In order to how good is our classification we can use following metric:


*   precision - the number of true positives
divided by the total number of elements labeled as belonging to the positive class: `precision=true_positive/(true_positive+false_positive)`
*   recall - the number of true positives
divided by the total number of elements that actually belong to the positive class: `recall=true_positive/(true_positive+false_negative)`
*    F1 score - is given by the ratio of numerator:
`2*precision*recall` to denominator: `(precision + recall)`. This is a better choice for unbalanced classes.
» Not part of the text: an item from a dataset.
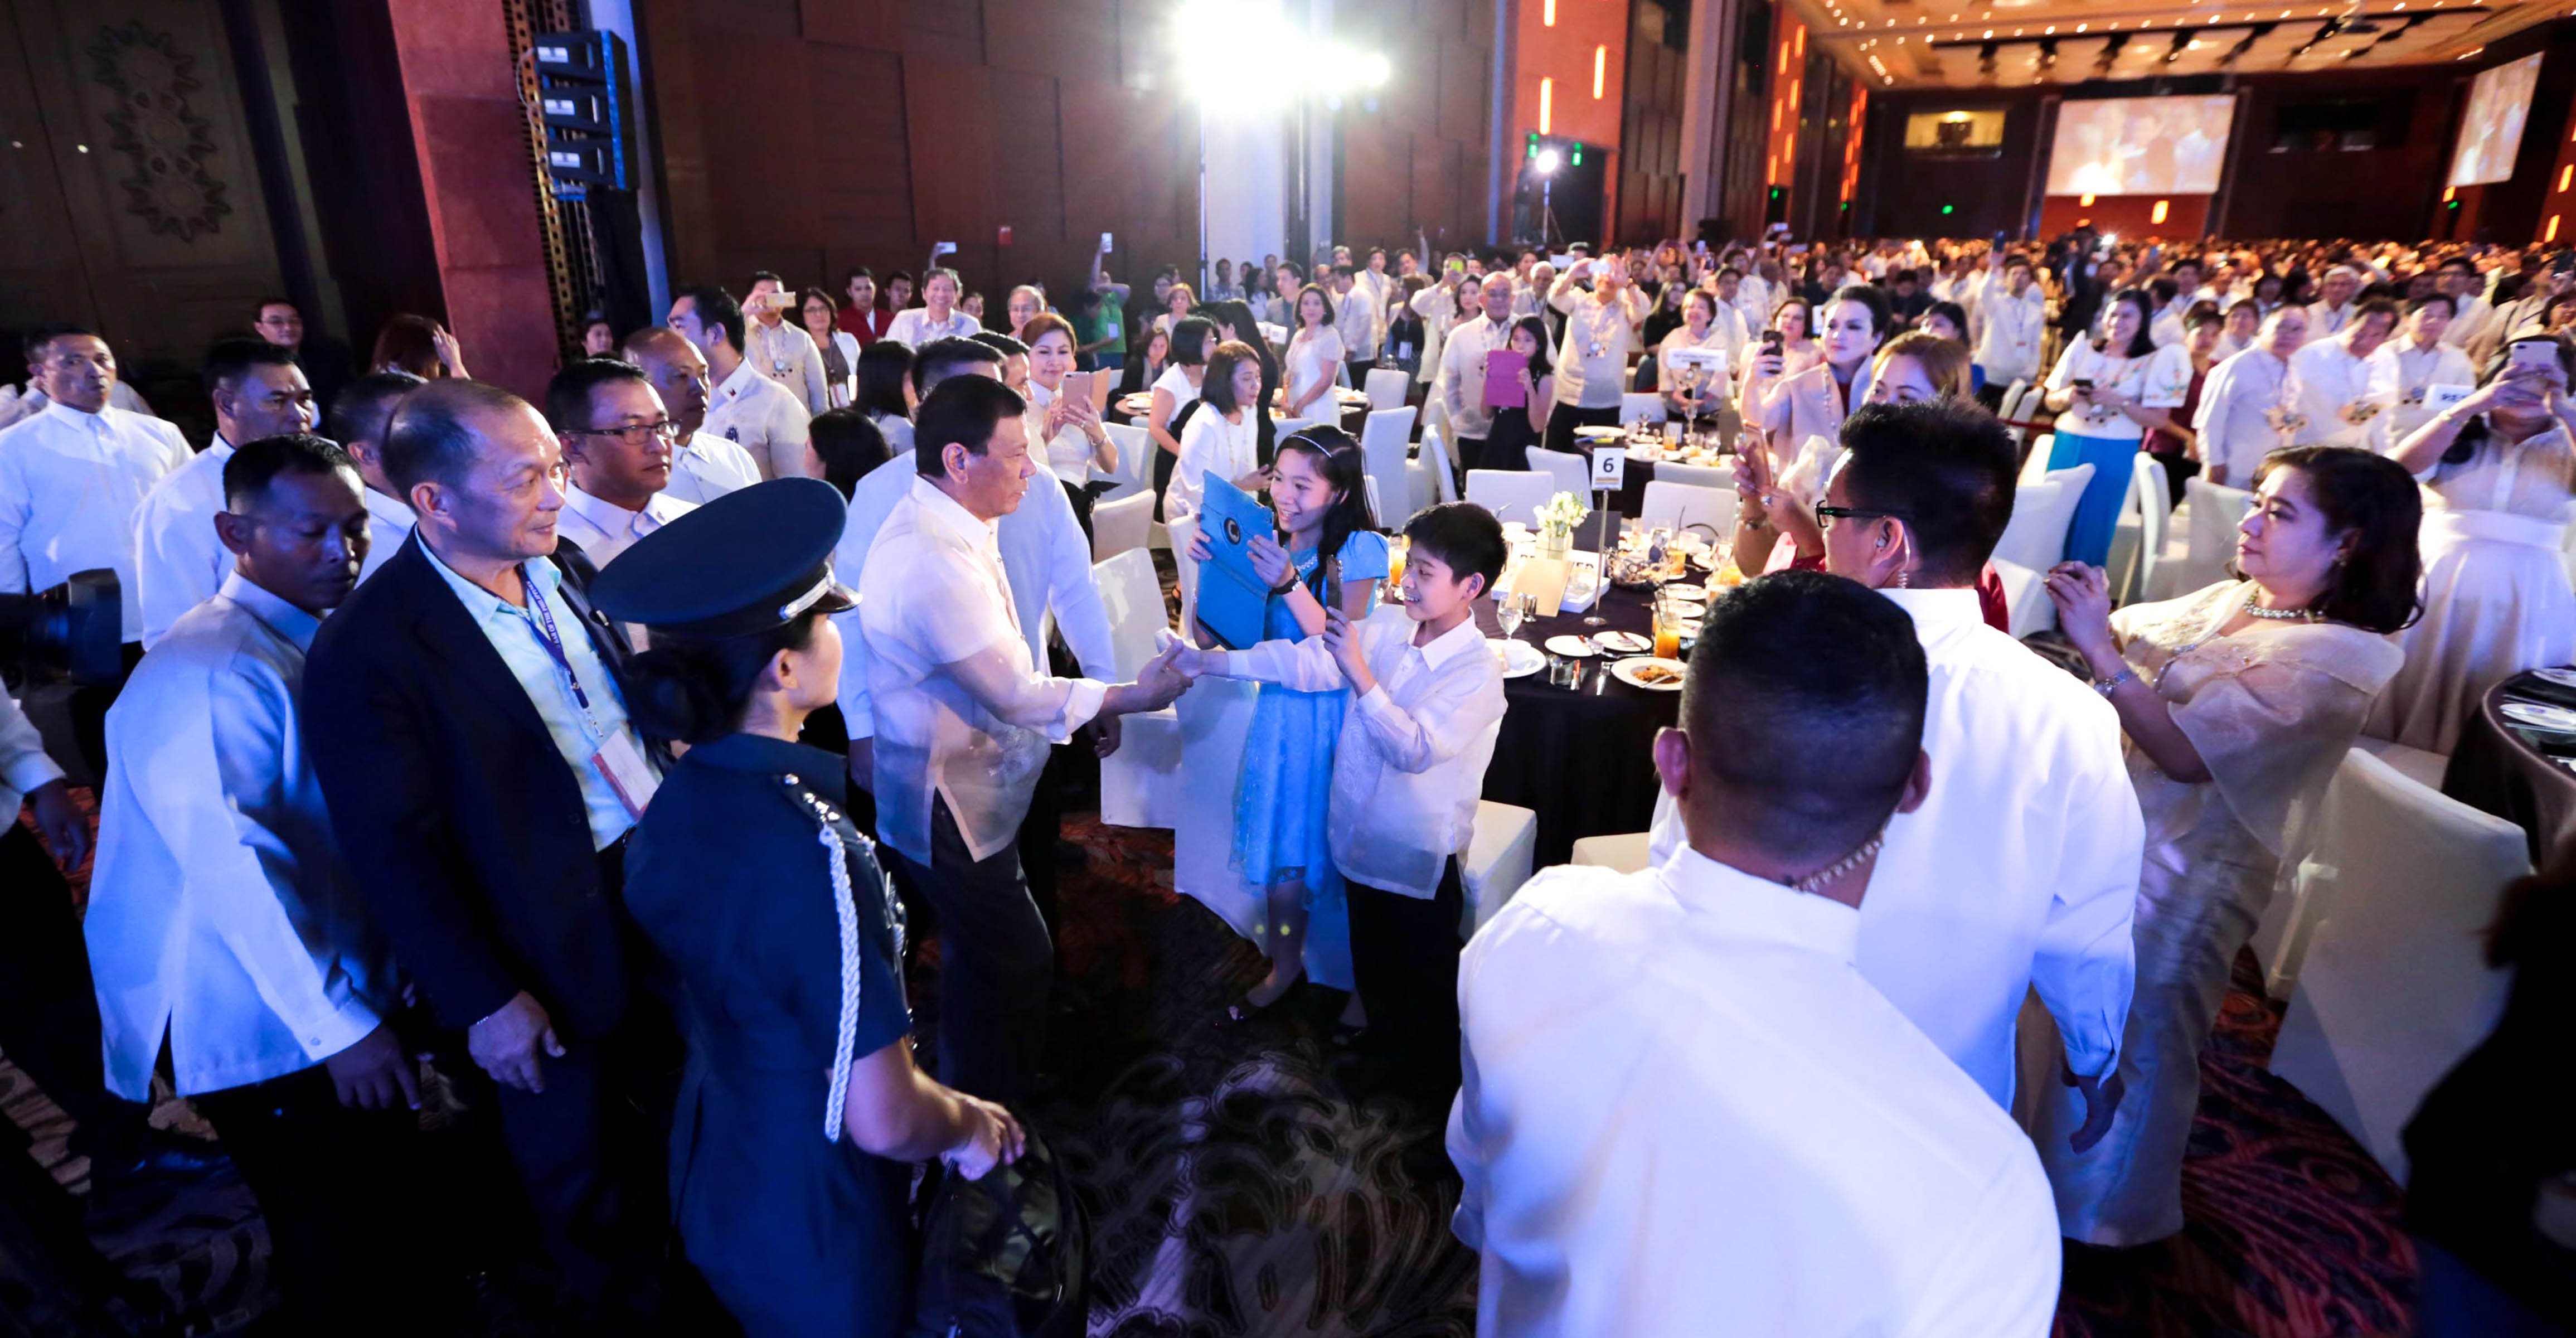 Pres. Duterte urges lawyers to be loyal to their oath, country

Implement below this metrics for each class based on the confusion matrix above. Calculate average between 3 classes of F1 score.

In [None]:
precision_class_1=
precision_class_2=
precision_class_3=

recall_class_1=
recall_class_2=
recall_class_3=

F1_class_1=
F1_class_2=
F1_class_3=

F1_average=

# Your code part 3



1.  Implement below following architectures of ANNs for classification:


*   3 hidden layers with 256 neurons each, droupot with 40% probability and relu activation function
*    5 hidden layers with 128 neurons each, droupot with 20% probability and relu activation function
*    2 hidden layers with 512 neurons each, droupot with 20% probability and relu activation function

2.   Analyse performance of the models above based on the test data set:

*   Plot training curves for each model
*   Calculate and draw confusion matrix
*   Calculate average F1 score for each of the ANNs above
*   Compare training curves, confusion matrix and F1 score between the models

3. Chose the best best model based on F1 score. On which epoch it should be stopped ?
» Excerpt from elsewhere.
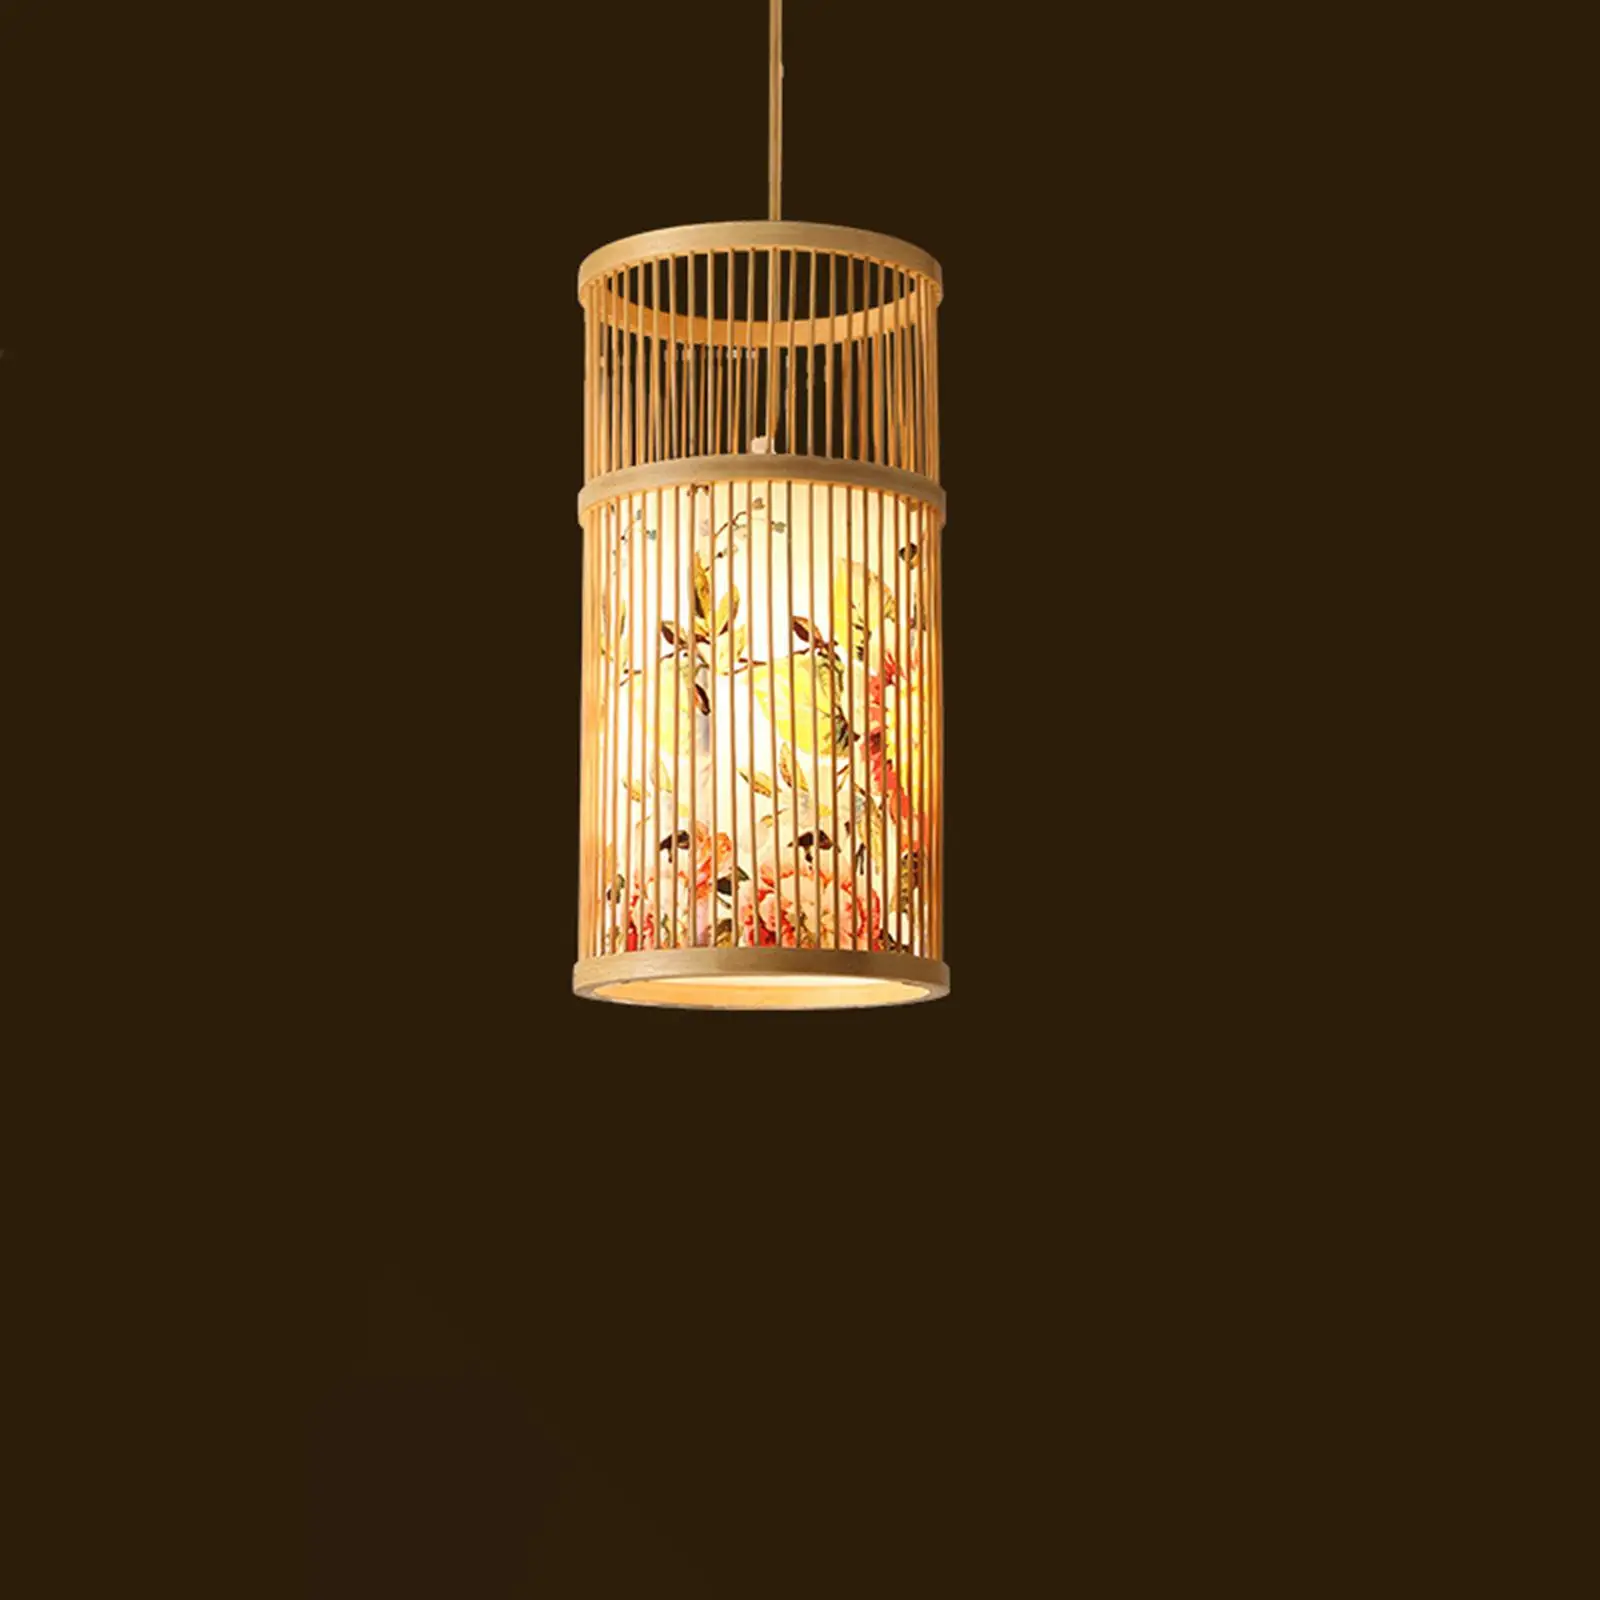 Ceiling Light Cover Rustic Decorative Hanging Lamp Japanese Style Woven Lamp Shade for Dining Livingroom Clubs Teahouse Bedroom

4. Apply the best performing model to for the prediction on the `new_input_df` dataframe, that we read from `test.csv` at the beginning of the assigment. Important: apply same pre-processing of the input features, such that it is compatiable with developed model.





# Question part 3

Summarize below possible application of classification model you have just build:


1.   In which case it could be applied? When one should prefer classification model over regression model for houses price prediction?
2.   How one can improve this model? What additional data one can collect and include ?
3.   How you can imagine to deploy or use such a model?
4.   Suggest a way to measure business impact of using the model for houses price prediction.